There are three developmental phases that are apparent from the PCA plots.
- Early development (1 hpf - 38 hpf)
- Mid development (65 hpf - 163 hpf)
- Late development (183 hpf - 231 hpf)
We will later use these groupings for functional enrichment analyses.
Run DESeq Results Tests
There are two statistical tests we can use in DESeq2: Wald test and likelihood ratio test (LRT). Here is what I have learned about each and why I chose the method that I use below.
Here is the information from the DESeq2 vingette: “DESeq2 offers two kinds of hypothesis tests: the Wald test, where we use the estimated standard error of a log2 fold change to test if it is equal to zero, and the likelihood ratio test (LRT).

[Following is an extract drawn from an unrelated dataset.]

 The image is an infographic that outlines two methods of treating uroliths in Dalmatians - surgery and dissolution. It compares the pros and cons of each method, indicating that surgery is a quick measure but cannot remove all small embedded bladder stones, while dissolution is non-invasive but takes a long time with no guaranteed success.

The LRT examines two models for the counts, a full model with a certain number of terms and a reduced model, in which some of the terms of the full model are removed. The test determines if the increased likelihood of the data using the extra terms in the full model is more than expected if those extra terms are truly zero. The LRT is therefore useful for testing multiple terms at once, for example testing 3 or more levels of a factor at once, or all interactions between two variables. The LRT for count data is conceptually similar to an analysis of variance (ANOVA) calculation in linear regression, except that in the case of the Negative Binomial GLM, we use an analysis of deviance (ANODEV), where the deviance captures the difference in likelihood between a full and a reduced model.”

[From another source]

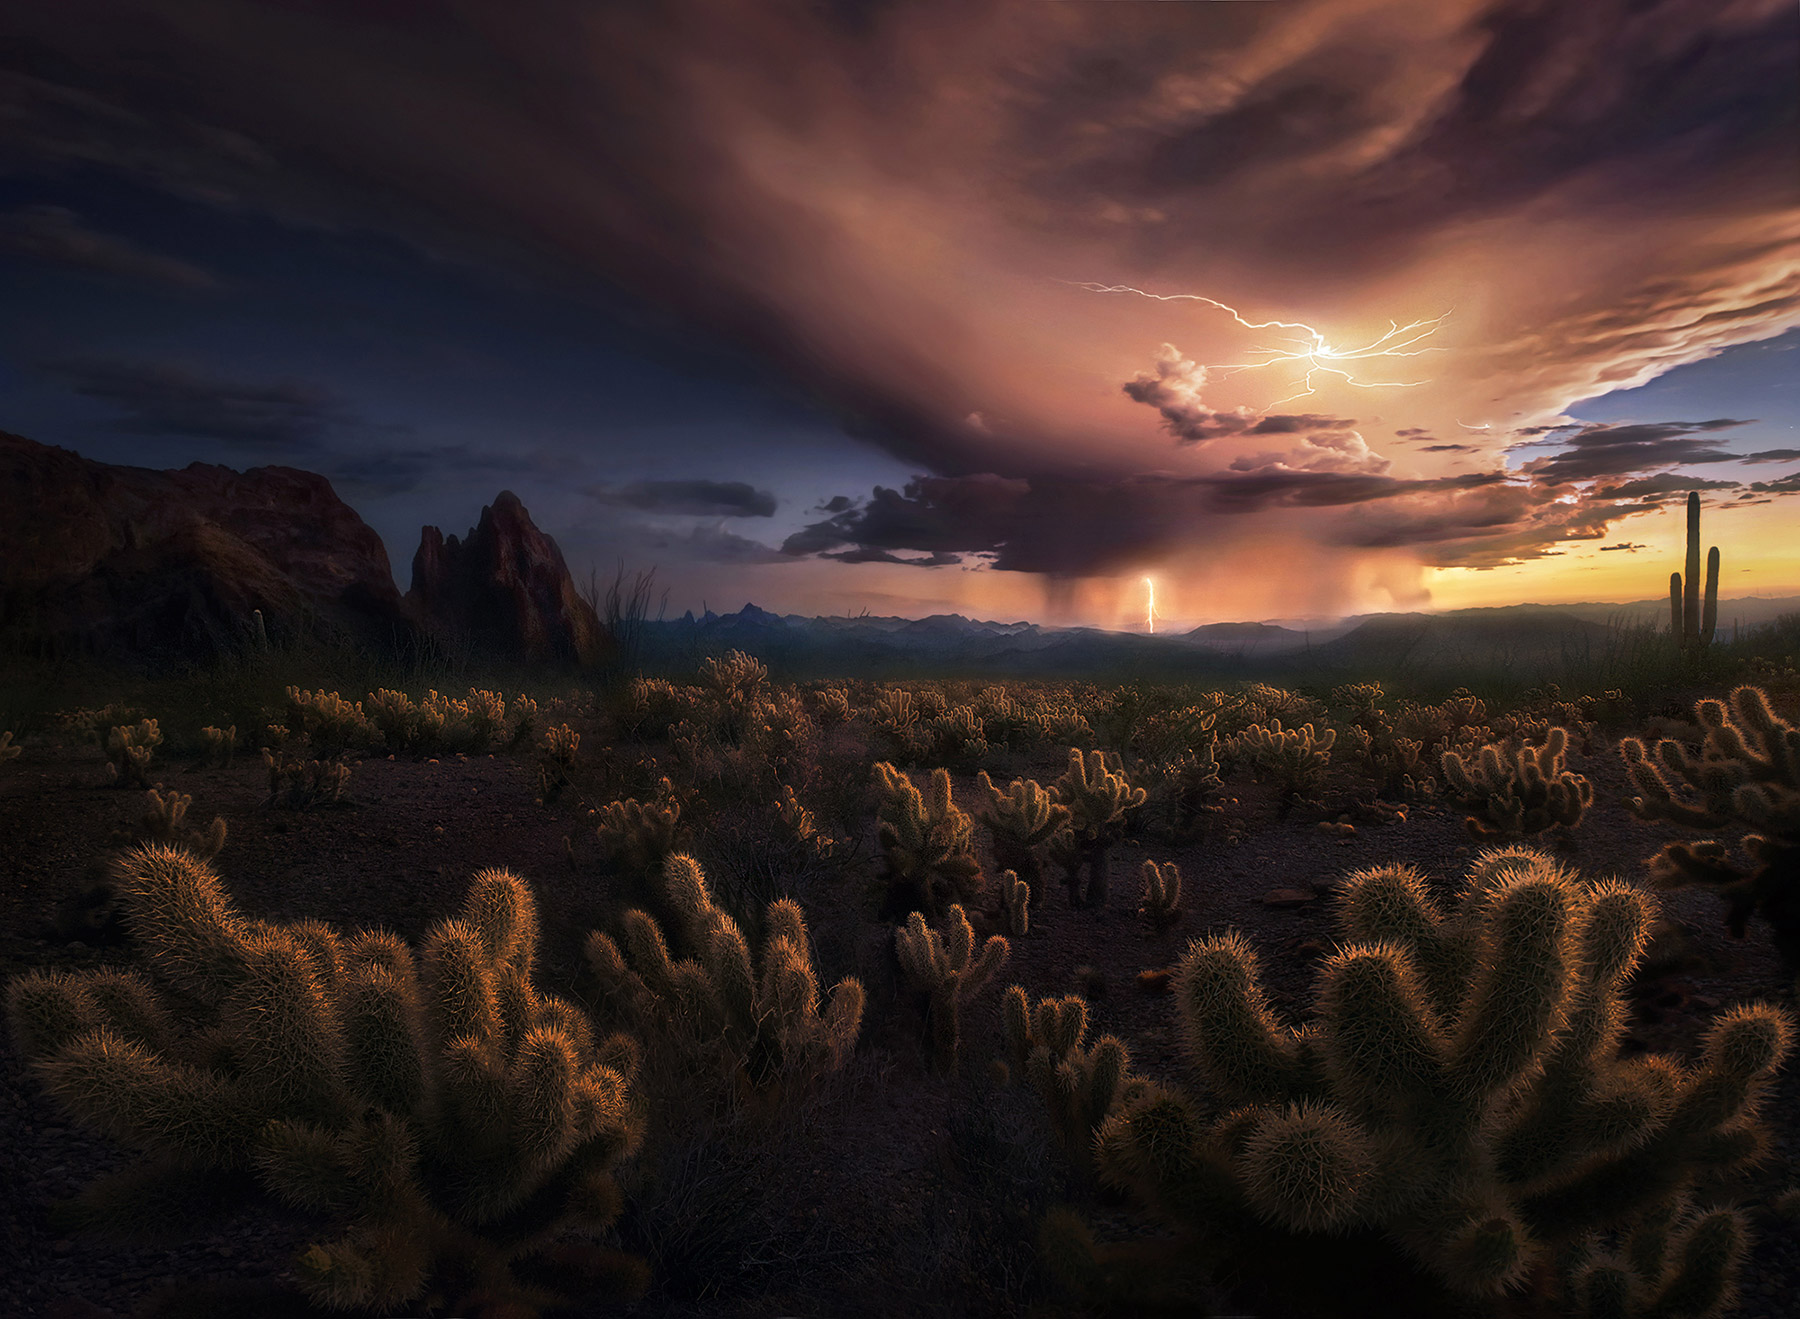 An amazing monsoonal storm cell I was lucky to catch at twilight over these glowing Cholla cactus.

Given this information, the Wald test is most appropriate for cases where there are comparisons between 2 groups or when you are interested in conducting pairwise comparisons between 2 or more groups. The LRT test is appropriate for cases where there are multiple levels of a factor where you are interested in the whole effect of that factor (e.g., a time series where you want to detect any effects across time).
Because we have multiple levels in a time series, and I am interested in genes that change across time, I will use the LRT test.
We will select DEG’s that have a p-value adjusted < 0.05 (we have a lot of DEG’s, so I am chosing a more stringent cut off). The p-value is the only statistic associated with the LRT statistical test, so filtering by fold change is not appropriate here. I will keep all genes at p-value adjusted < 0.05 at any fold change. As I ran this test, I found that we had a very high number of DEG’s and I increased the stringency of the p-value adjusted to keep highly significant genes at p<0.001 (detailed below).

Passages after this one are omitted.